In summary, by introducing an evolutionary dimension, we identified in a principled way, a set of genes with constrained expression across cell types and species. These genes contribute to a core invariable component of mammalian transcriptomes, contributing thus little to cell type specificity and species differentiation. They are the main drivers of many transcriptional features that have been reported as conserved across mammalian transcriptomes.

Methods

Genomes and annotation sets

Throughout this work we used February 2009 assembly of the human genome (hg19,GRCh37) and July 2007 assembly of the mouse genome (mm9, GRCm37)⁴⁹. Human Gencode v10 and mouse ENSEMBL v65 databases were used for transcript annotations. Genomes were partitioned into exonic, intronic, genic and intergenic regions as explained in Supplementary Methods.

Mouse tissue acquisition

C57Bl/6 mice were used for all tissue resections. The following tissues were taken from 8-week-old littermates: adrenal, duodenum, stomach, genital fat pad, subcutaneous fat pad, large intestine, small intestine, ovary, testis, spleen, colon, lung, heart, kidney, liver, thymus, mammary gland, placenta (from pregnant mice), cortex, frontal lobe, cerebellum, bladder, liver (Supplementary Table 1). Central nervous system (CNS) was taken from stage E11.5 littermates. CNS and liver were taken from E14 littermates. Liver, limb and whole brain were taken from E14.5 littermates. CNS and liver were taken from E18 littermates. All animal studies were conducted with approval from the Institutional Animal Care and Use Committee.

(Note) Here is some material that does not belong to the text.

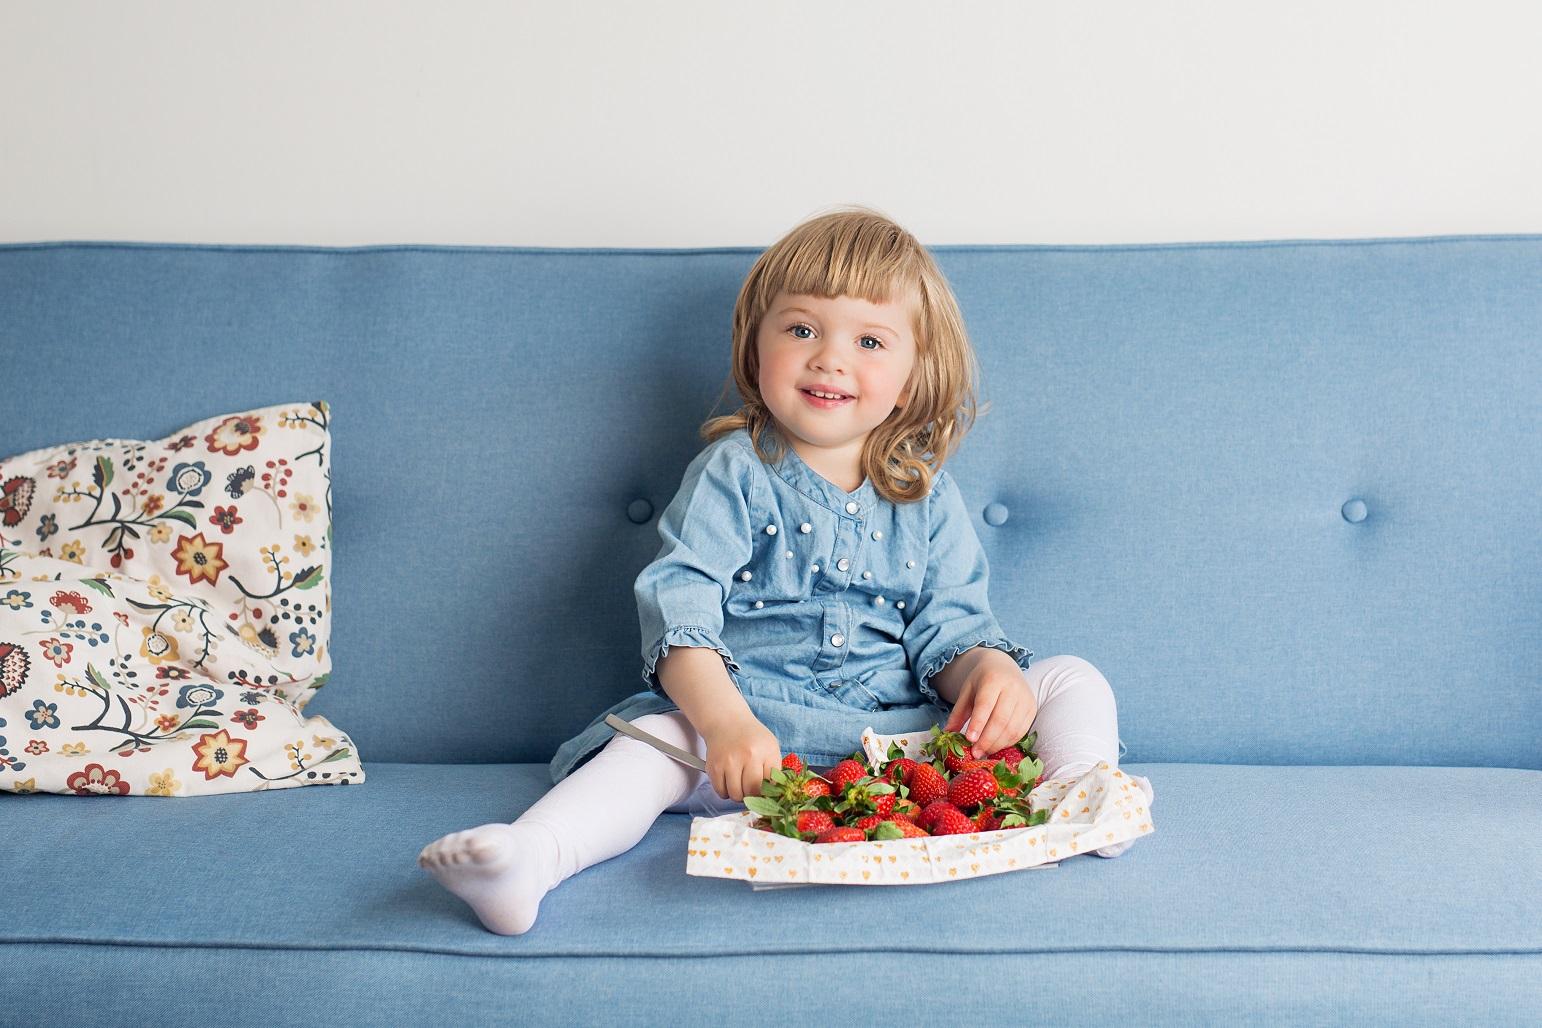 Jak robić dobre zdjęcia dzieciom? Kilka wskazówek

Human cell culture and RNA isolation

Cells were grown according to the ENCODE cell culture standards. RNA was prepared as was described previously⁸.

Library construction

We generated directional (stranded) libraries for paired end sequencing on the Illumina platform as described in ref. 50 and as also used in ref. 8 to generate the human ENCODE data. Briefly, 100 ng of Ribominus (Invitrogen Inc.)-treated PolyA(+) RNA with length >200 nt were mixed with 2 ng of exogenous RNA spike-in, pool 14 (ref. 51). A mixture of random hexamers and oligo-dT₂₁ were used to prime the reverse transcriptase reaction. Entry sites for second strand synthesis catalysed by Escherichia coli DNA Polymerase are generated through RNAse H nicks of the DNA:RNA duplex. dTTP is replaced with dUTP during the second strand synthesis. The (double stranded) complementary DNA is then sheared using sonification (Covaris). Staggered ends generated during shearing, are repaired and adenylated to prime them for adapter ligation with Illumina Y-adapters. The second strand containing dUTP is eliminated using UNG digestion. The resulting (single stranded) complementary DNA is run on an agarose gel and bands with the desired insert sizes of ~200 nt are cut out. Cluster compatible sequences are appended in an 18-cycle PCR reaction and the final library is gel purified. All libraries from biological replicates (littermates) were prepared in parallel to minimize day‐to‐day variation in the experimental procedure. Finally, the libraries were sequenced on the Illumina GAIIx or Hi-Seq platform to an AVG depth of ~100 million mate pairs per sample. The human ENCODE RNA-seq data are at GEO: GSE30567. The mouse ENCODE RNA-seq data are at GEO: GSE36025 (Supplementary Table 1).

RNA-seq experiments

Stranded paired-end RNA-seq data from 18 human cell lines and 30 mouse tissues and developmental stages in two bio-replicates were generated as described previously³. The raw data (FASTQ), mapped data (BAM) and lists of quantified elements are available at http://mouse.encodedcc.org/. These data, as well as additional data on all intermediate processing steps, are also available on the RNA Dashboard ( http://genome.crg.cat/encode_RNA_dashboard/).

RNA-seq data processing

RNA-seq reads were aligned to the human (hg19) and mouse (mm9) genomes using the STAR 1.9 software⁵² with up to ten mismatches per paired alignment and without using the annotations. Only alignments for reads mapping to ten or fewer loci were reported. Mapped reads were used to generate contigs, splice junctions and de novo transcript models. Non-parametric irreproducibility ascertainment (npIDR) was used for genomic elements (such as splice junctions, exons, transcripts, etc) by requiring npIDR≤0.1. Strand-specific contigs were called from merged biological replicates independently of the annotations and assessed with npIDR. Cufflinks 1.0.3 (ref. 16) was used to assemble de novo transcripts from STAR alignments considering only uniquely mapping non-duplicated alignments crossing GU/AG junctions. The alignments from the two bio-replicates were merged before Cufflinks assembly. Cufflinks transcript models passing the npIDR threshold (npIDR≤0.1) were pooled across all experiments and further filtered by requiring CAGE data support in FANTOM study⁶. The Cufflinks gene, transcript and exon RPKM were quantified using Flux Capacitor⁵³ in each bio-replicate, and the resulting RPKM were assessed for reproducibility using npIDR⁸. AVG read density was computed by using only uniquely mapped reads, separately for each bio-replicate and for each strand without applying npIDR. The quantitative assessment of splicing at the level of splice junctions was done by using intron-centric metrics²⁵. More details on RNA-seq data processing are in Supplementary Methods.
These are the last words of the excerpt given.